Curtis David
UCL Genetics Institute, UCL, London, United Kingdom.
Centre for Psychiatry, Queen Mary University London, London, United Kingdom.
Ann Hum Genet. 2019 Jul;83(4):274-277. doi: 10.1111/ahg.12302. Epub 2019 Mar 25.
A recent study claimed that genome-wide polygenic scores (GPSs) for five common diseases could identify individuals with risk equivalent to monogenic mutations. Receiver operator curve analyses were reported to have areas under the curve (AUCs) ranging from 0.63 for inflammatory bowel disease up to 0.81 for coronary artery disease (CAD), but these models also included age and sex, themselves strong predictors of risk. The GPS for CAD identified 8% of the population at threefold increased risk, which was claimed to be comparable to the excess risk from monogenic mutations.
In the present study, attempts were made to model the distribution of the GPS for CAD to match the information provided. These models were based on the reported distribution of prevalence by centile of GPS and on the distribution of GPS in controls and cases, and were fitted to the reported results using linear approximations to the distributions and using simulations of a liability-threshold model.

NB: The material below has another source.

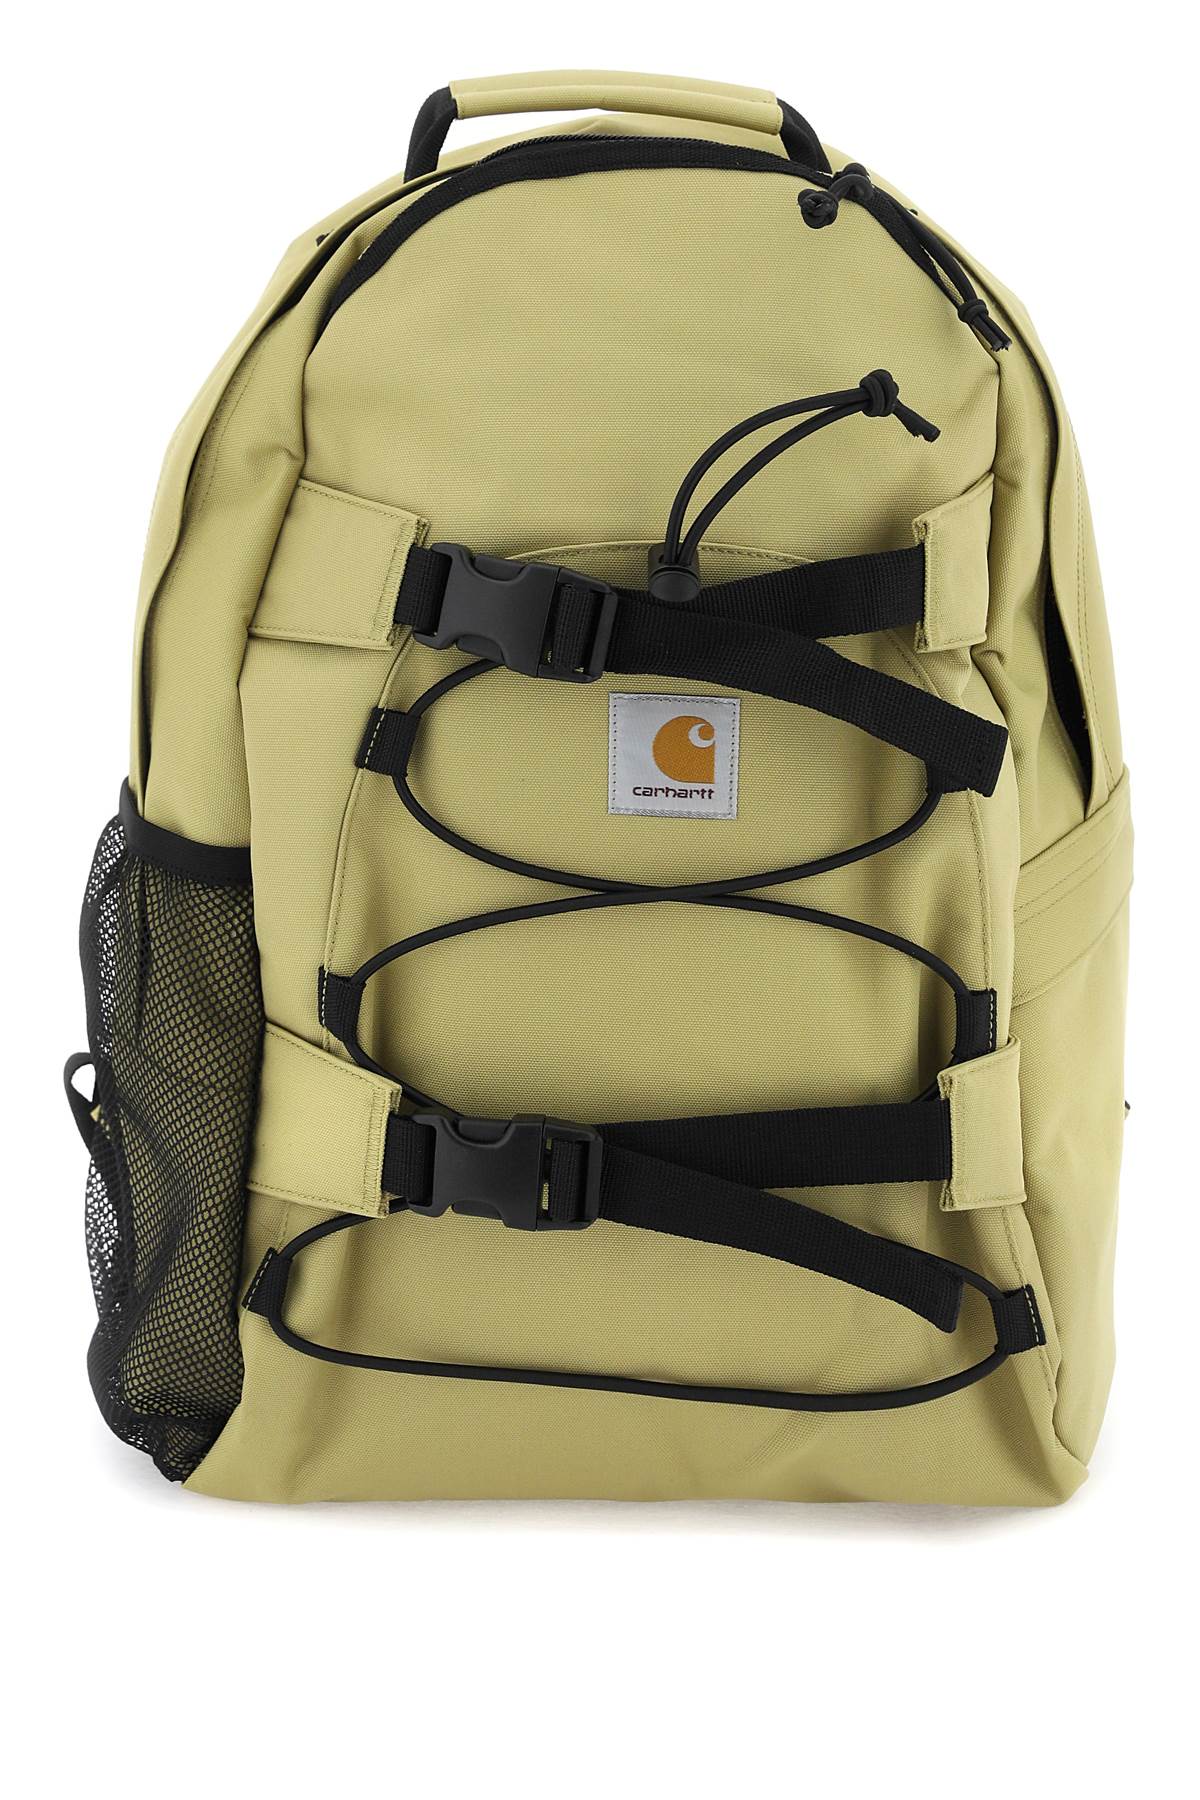 Carhartt wip kickflip backpack in recycled fabric-0

It was impossible to produce a compatible model in which the GPS produced an AUC as high as 0.81 and the most plausible estimate was that the true AUC was only 0.65. The reported distributions of the GPS in cases and controls overlap so much that they are not compatible with an AUC of 0.7 or higher.

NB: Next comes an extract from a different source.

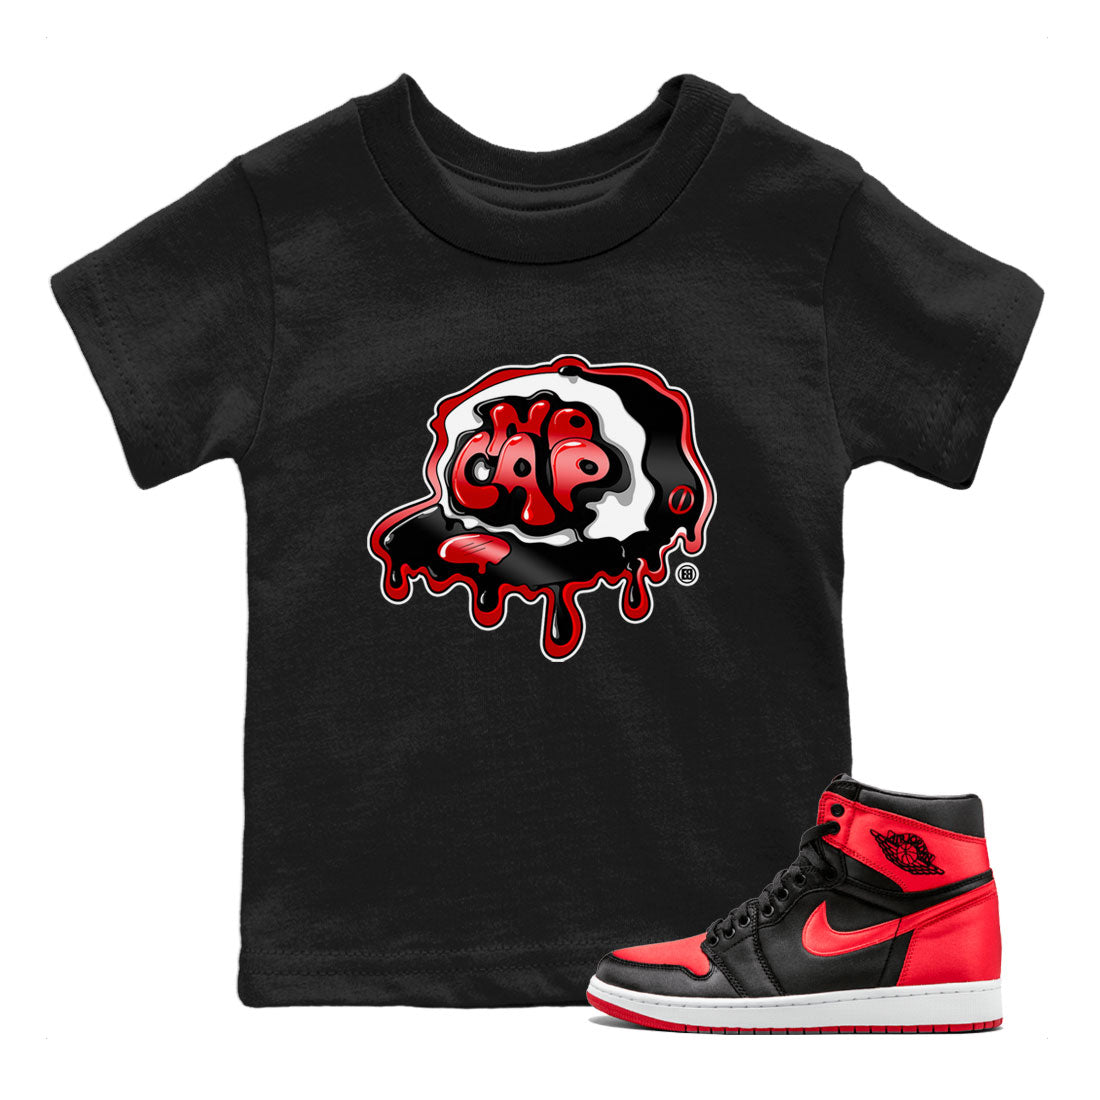 Air Jordan 1 Retro High OG Satin Bred shirt to match jordans No Cap Streetwear Sneaker Shirt Air Jordan 1 Satin Bred Drip Gear Zone Sneaker Matching Clothing Baby Toddler Kids Black 1 T-Shirt

The AUC of the GPS for these diseases is modest. Furthermore, the literature robustly demonstrates that the true CAD risk associated with monogenic mutations is much higher than the threefold increase that is predicted by the GPS. Together, these findings cast doubt on the clinical utility of the GPS.
最近一项研究声称,针对五种常见疾病的全基因组多基因评分(GPS)能够识别出风险等同于单基因突变异种的个体。据报道,接受者操作特征曲线分析得出的曲线下面积(AUC)范围为,炎症性肠病的0.63至冠状动脉疾病(CAD)的0.81,但这些模型还纳入了年龄和性别,而年龄和性别本身就是风险的有力预测因素。CAD的GPS识别出8%的人群风险增加了两倍,据称这与单基因突变异种带来的额外风险相当。

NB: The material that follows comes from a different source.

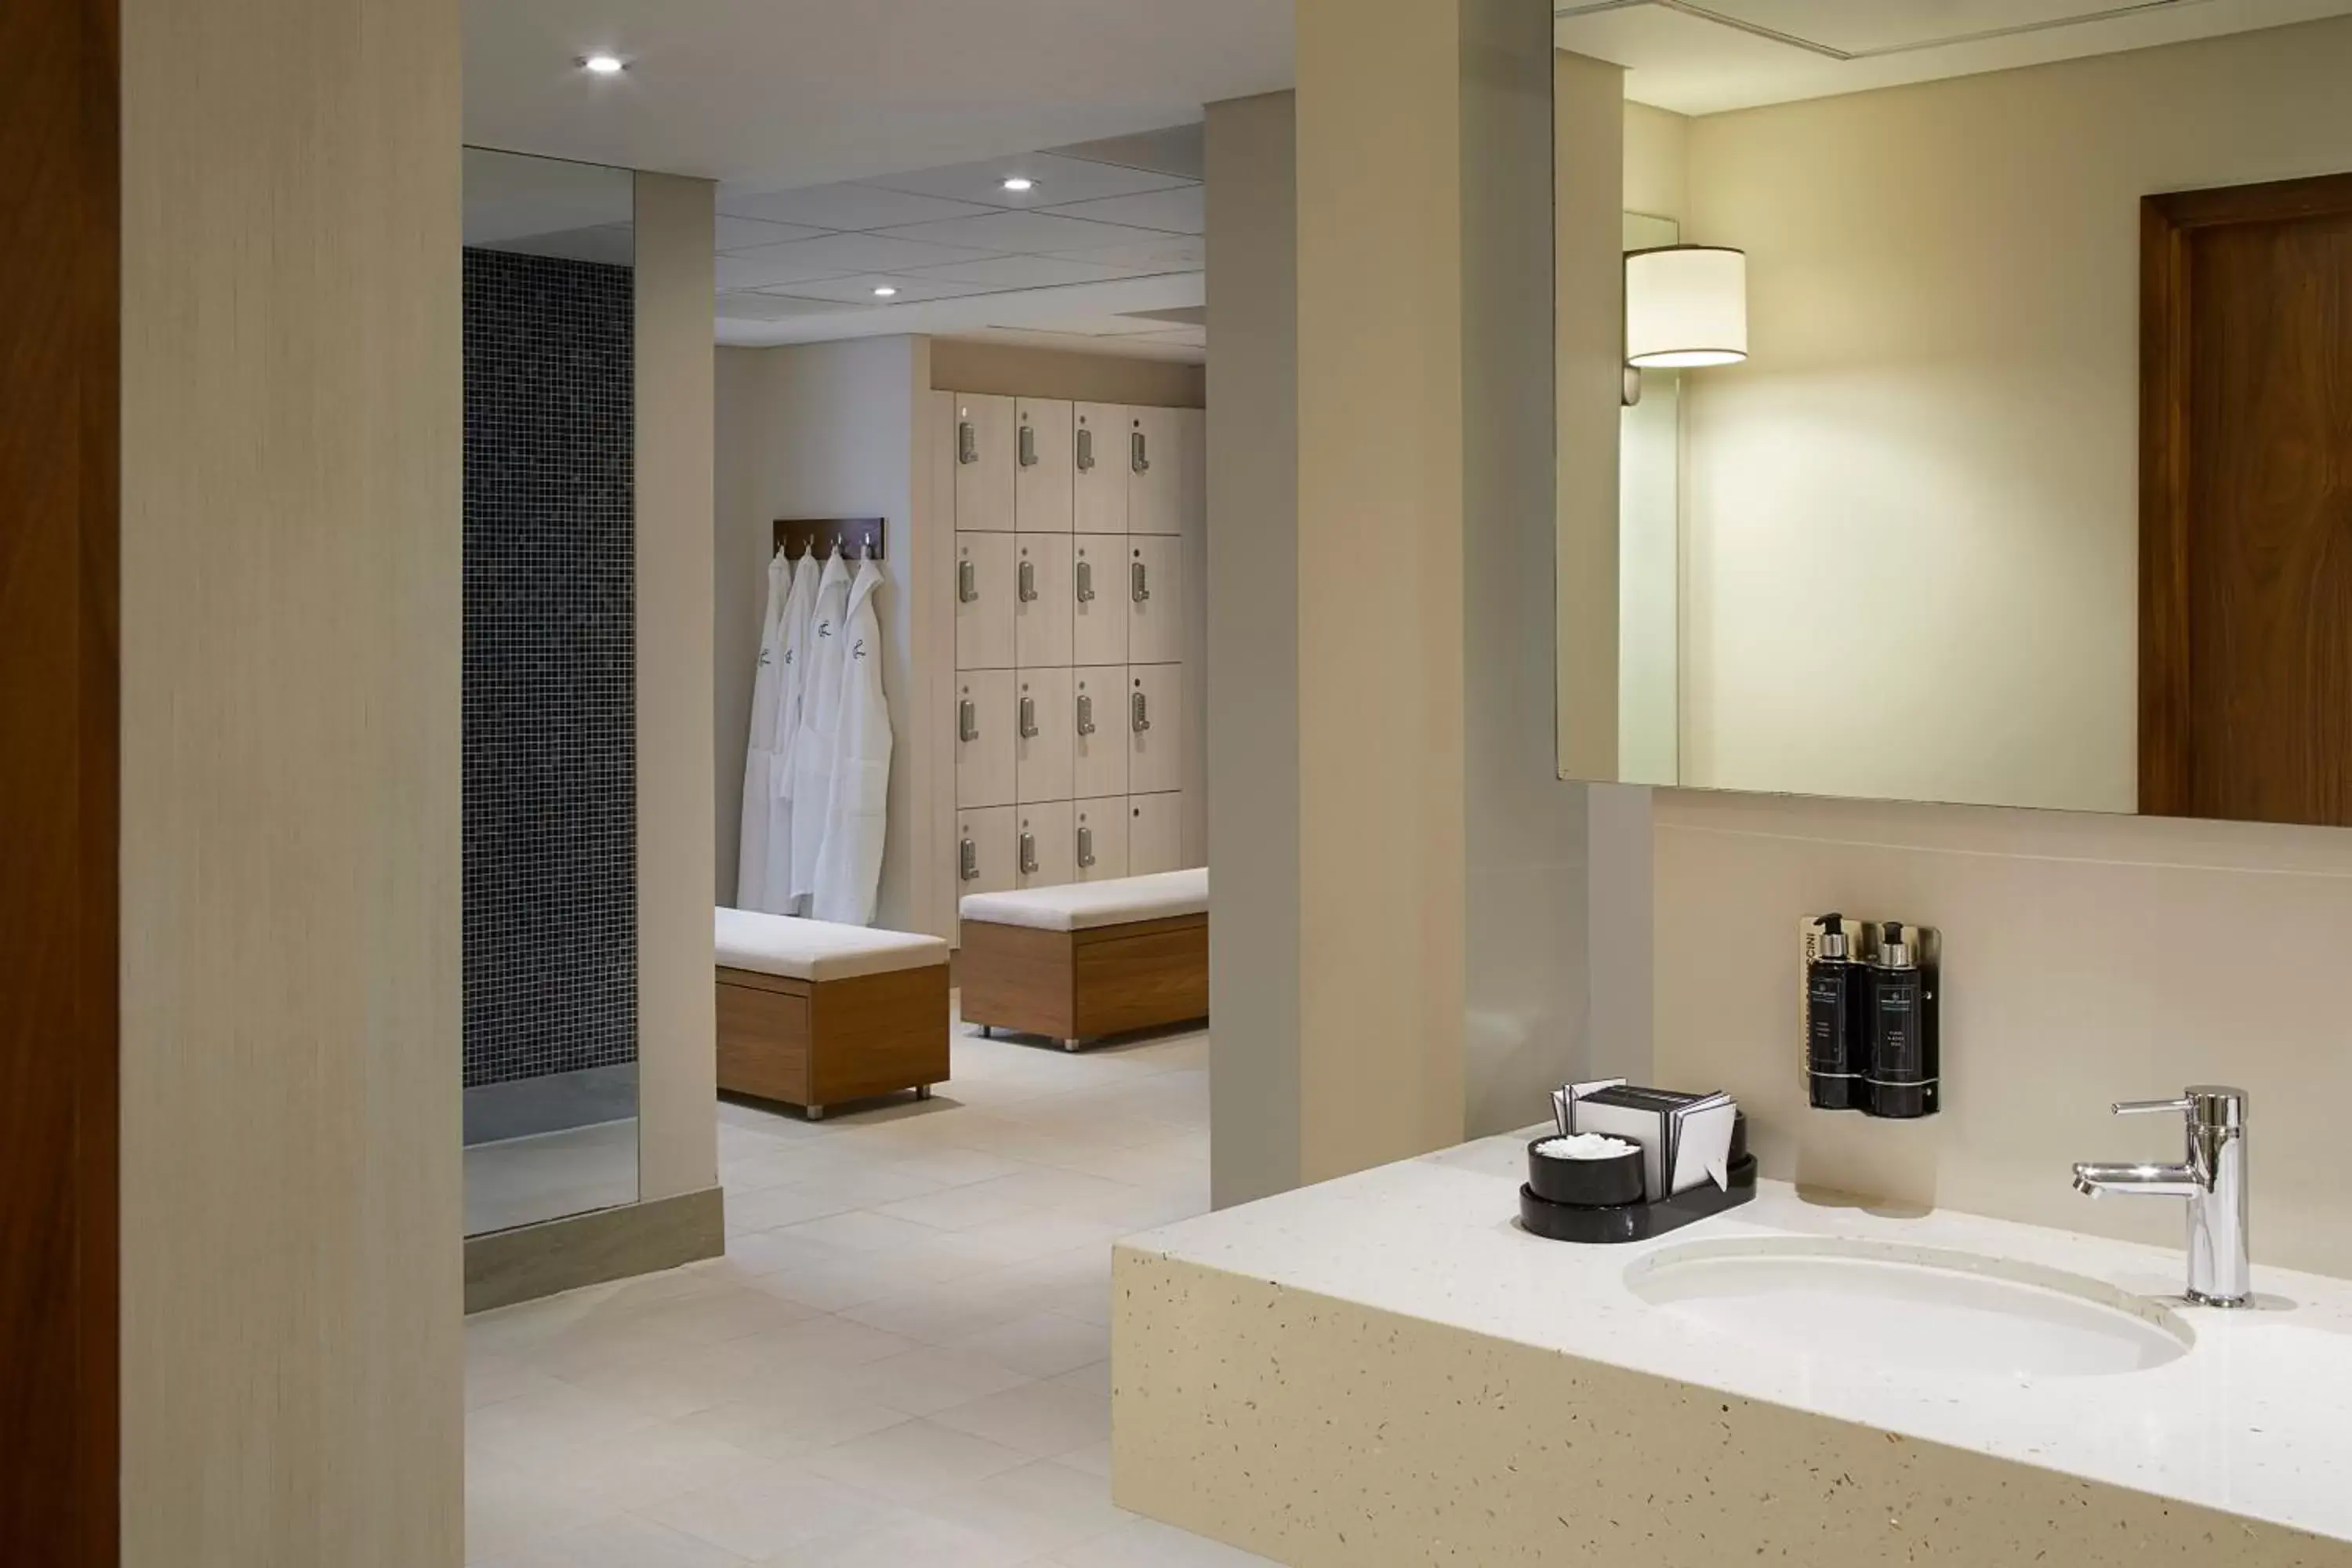 Area and facilities, Bathroom in The Landmark London

在本研究中,我们尝试对CAD的GPS分布进行建模,以匹配所提供的信息。这些模型基于所报道的按GPS百分位数划分的患病率分布以及GPS在对照组和病例组中的分布,并使用分布的线性近似以及责任阈值模型的模拟来拟合所报道的结果。
不可能构建出一个兼容的模型,使GPS产生高达0.81的AUC,最合理的估计是真实的AUC仅为0.65。所报道的病例组和对照组中GPS的分布重叠程度如此之大,以至于它们与0.7或更高的AUC不兼容。
这些疾病的GPS的AUC适中。此外,文献有力地证明,与单基因突变异种相关的真实CAD风险远高于GPS预测的两倍增加。综上所述,这些发现对GPS的临床实用性提出了质疑。